After migrating our data to the AWS S3, we began work on the batch layer for the Zestimate pipeline. From a high-level, the Zestimate batch layer has a few components: first, we need to make available the raw, master dataset. Apache Spark allows us to read directly from S3, but some of our raw data sources suffer from the painful small-files problem in Hadoop. Simply put, big data systems expect to consume fewer large files rather than a lot of small files. Apache Spark suffers from this same problem. We rely heavily on vacuuming applications, such as Hadoop’s distcp, to aggregate data into larger files, by pulling from S3 and storing the aggregates on HDFS.
From there, our jobs read directly from HDFS: we begin with an ETL layer, responsible for producing training and scoring sets for our various models. Then, training and scoring takes place for about 100 M homes in the nation. Models, training and scoring sets, and performance metrics are all stored in a different bucket in S3, one for transformed data. This ensures that we’re distinguishing between the raw data (our master dataset) and the data derived from the raw data.
The ETL layer is responsible for interfacing with the master dataset and transforming it in order to arrive at cleaner, standardized datasets that are consumable by our Zestimate models. We have a wide variety of data sources that we deal with and so need to pull appropriate features from each to build a rich feature set. We invest a lot of time into ensuring our data is clean. As we know, garbage in, garbage out, and this holds true for the Zestimate algorithm. One example we always talk about is the case of fat-fingers. You can imagine that typing 500 square feet instead of 5000 square feet could drastically change how we perceive that home’s value. This cleaning process, in addition to the partitioning required, can be very expensive computationally. This is one area where a speed layer would need to be more nimble, as it won’t be able to look at historical data to make inferences about the quality of new data. After the ETL step, we can begin training models. Training, in our cases, requires large amounts of memory to support caching of training sets for various models. We train models on various geographies, making tradeoffs between data skew and volume of data available. Scoring is then done in parallel, using data partitioned in uniform chunks. At this point, we have a view created (the Zestimates for about 100M homes in the nation) as well as pre-trained models for the speed layer. But at this point, some of the facts that went into our model training and scoring could be out of date.

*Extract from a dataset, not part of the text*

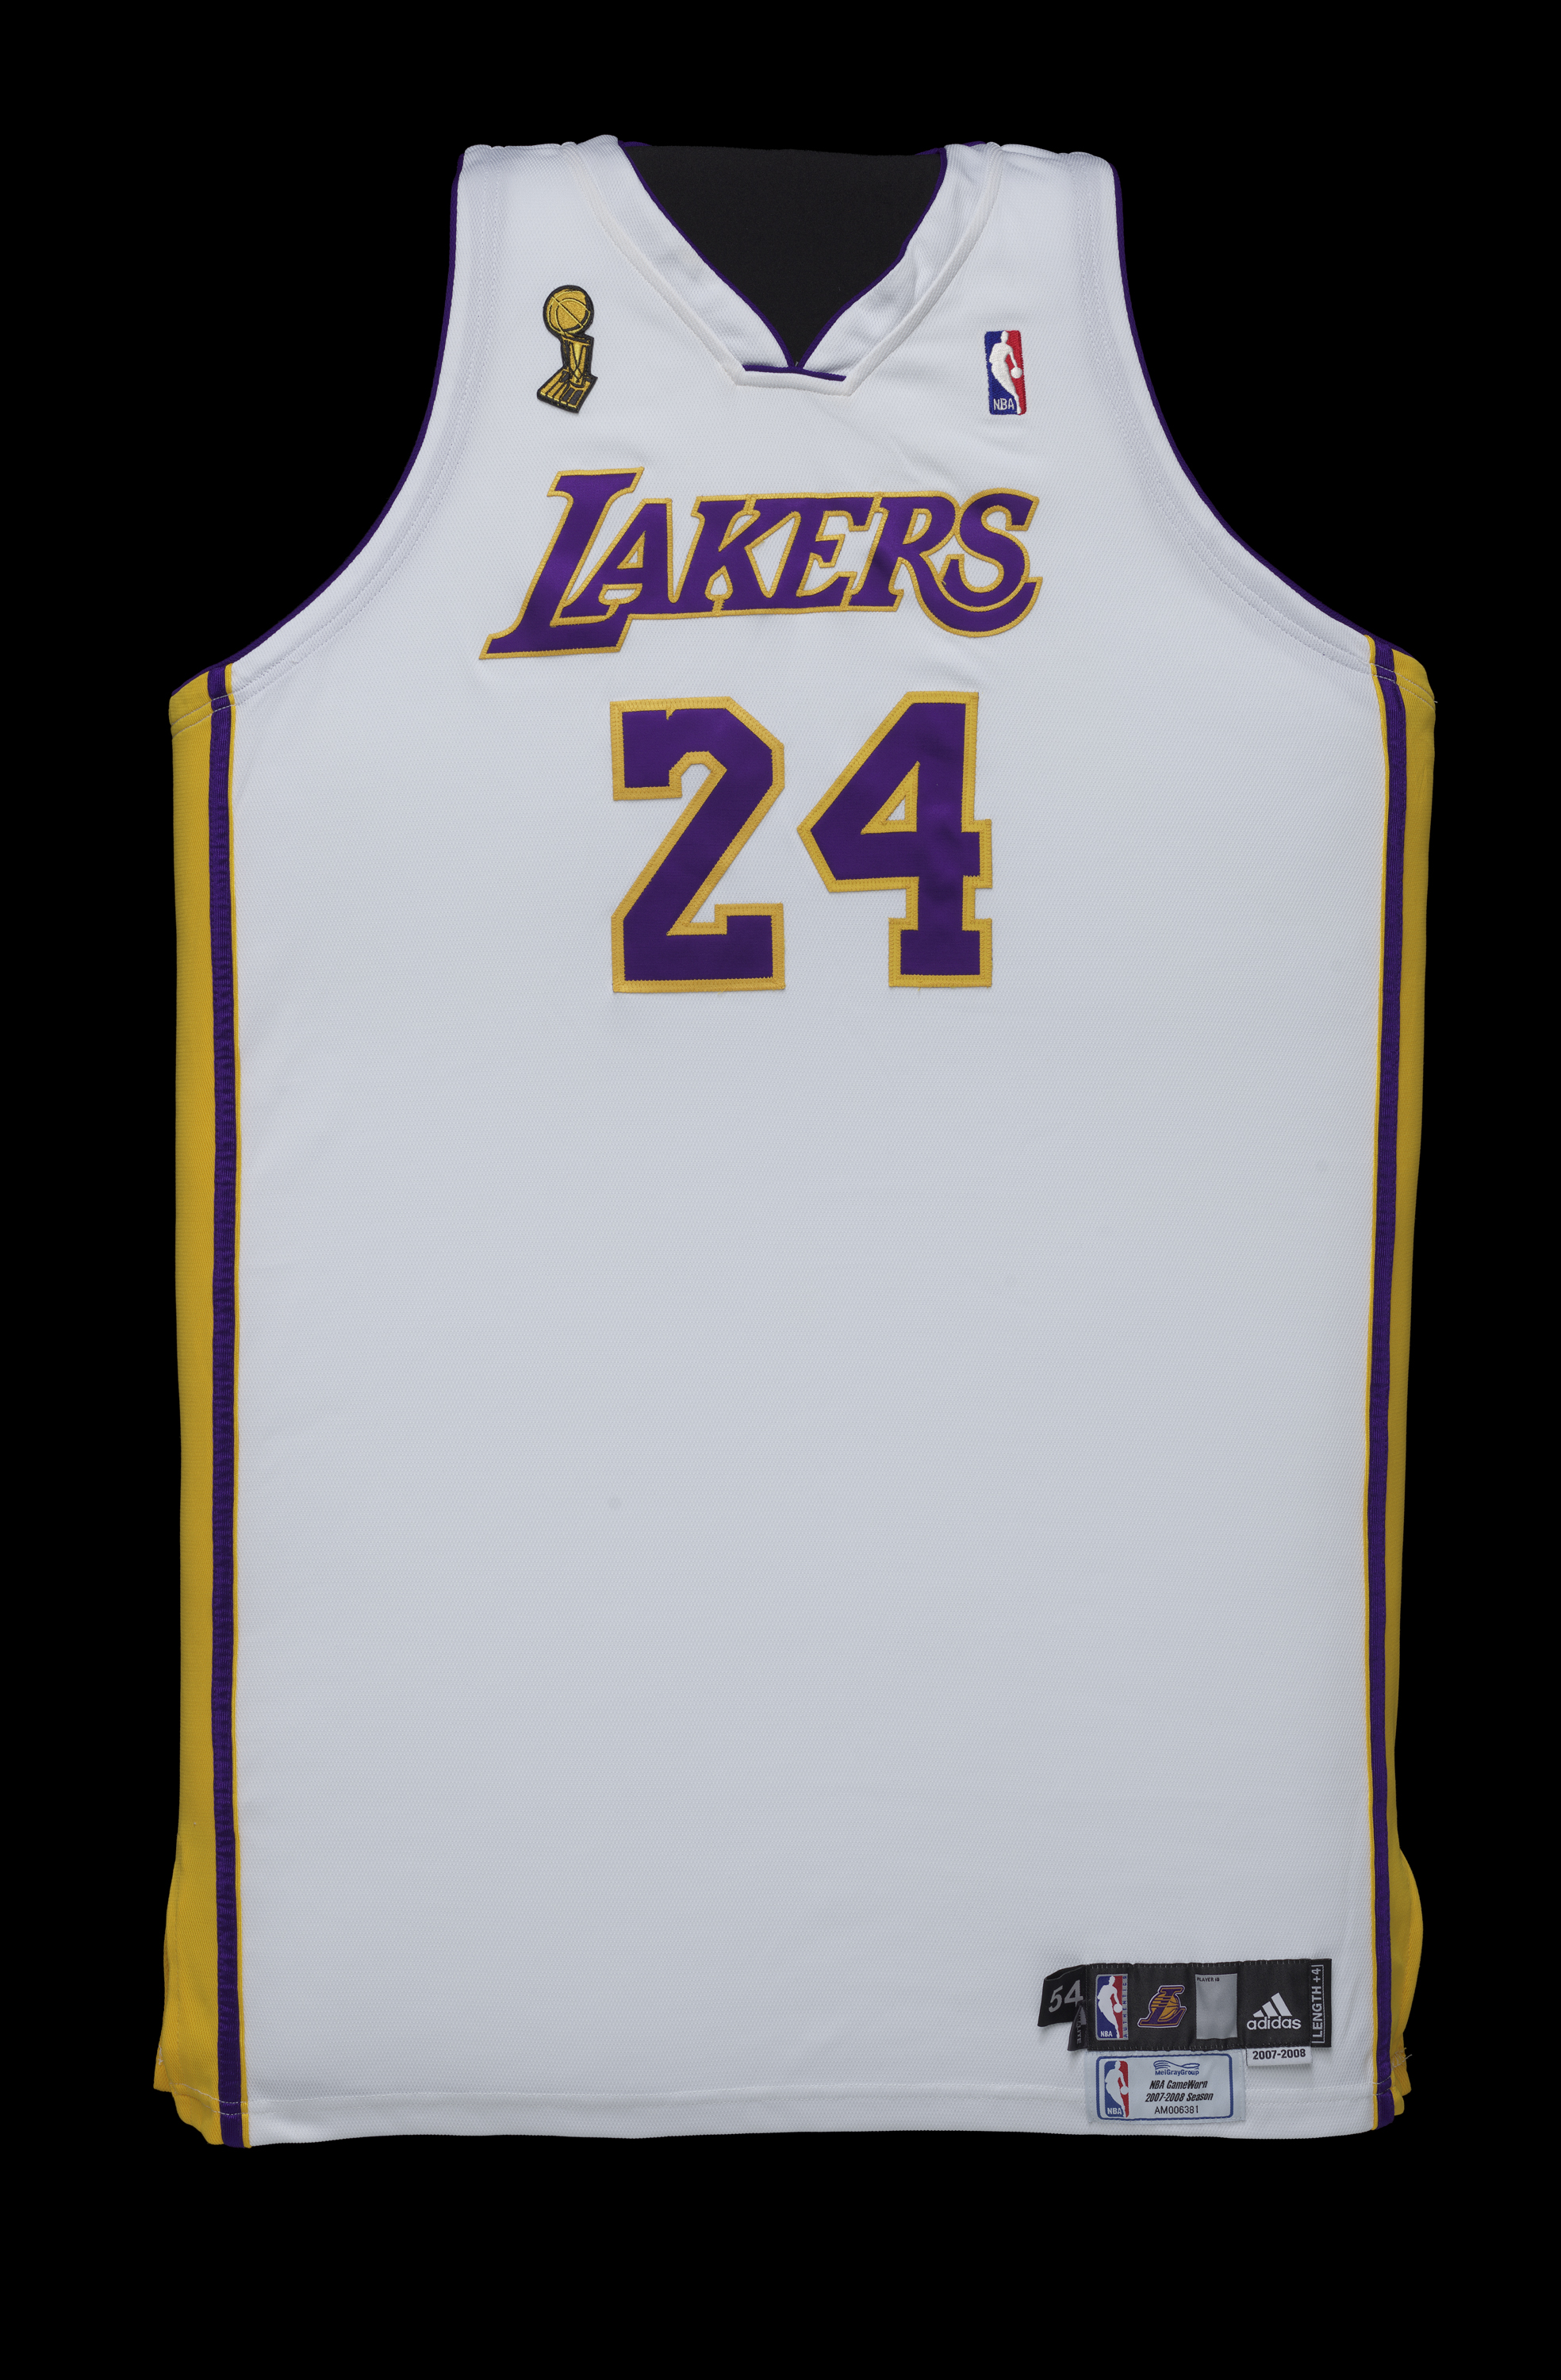 Honoring Kobe Bryant  National Museum of African American History and  Culture

The number one source of Zestimate error is the facts that flow into it, like bedroom count, bathroom counts, and square footage.
We provide homeowners with a means for proactively making adjustments to their Zestimate. They can update a bathroom count or square footage and immediately see a change in their Zestimate.
Beyond that, we want to recalculate Zestimates when homes are listed on the market, because in these cases an off the market home is updated with all of the latest facts so that it is represented accurately on the market.
In lambda architecture, we want our speed layer to read from the same generic data-generating processes that our batch layer does. Amazon Kinesis (firehose and streams) makes it easy to both write to S3 as well as have consumers read directly from the stream. At this stage, you have the choice of which consumer to use. Spark Streaming can be used directly to enable code sharing (specifically, code relying on the Spark API) between the batch layer and the speed layer, but if Spark-specific code sharing is not a requirement, Amazon’s Kinesis Client Library (which Spark Streaming relies on) is a good solution.
In our case, we built our Kinesis Consumer with just the Kinesis Client Library, for three reasons: (1) simplicity, (2) lack of spark processing, and (3) Elastic MapReduce would be more expensive than a small Elastic ComputeCloud (EC2) instance.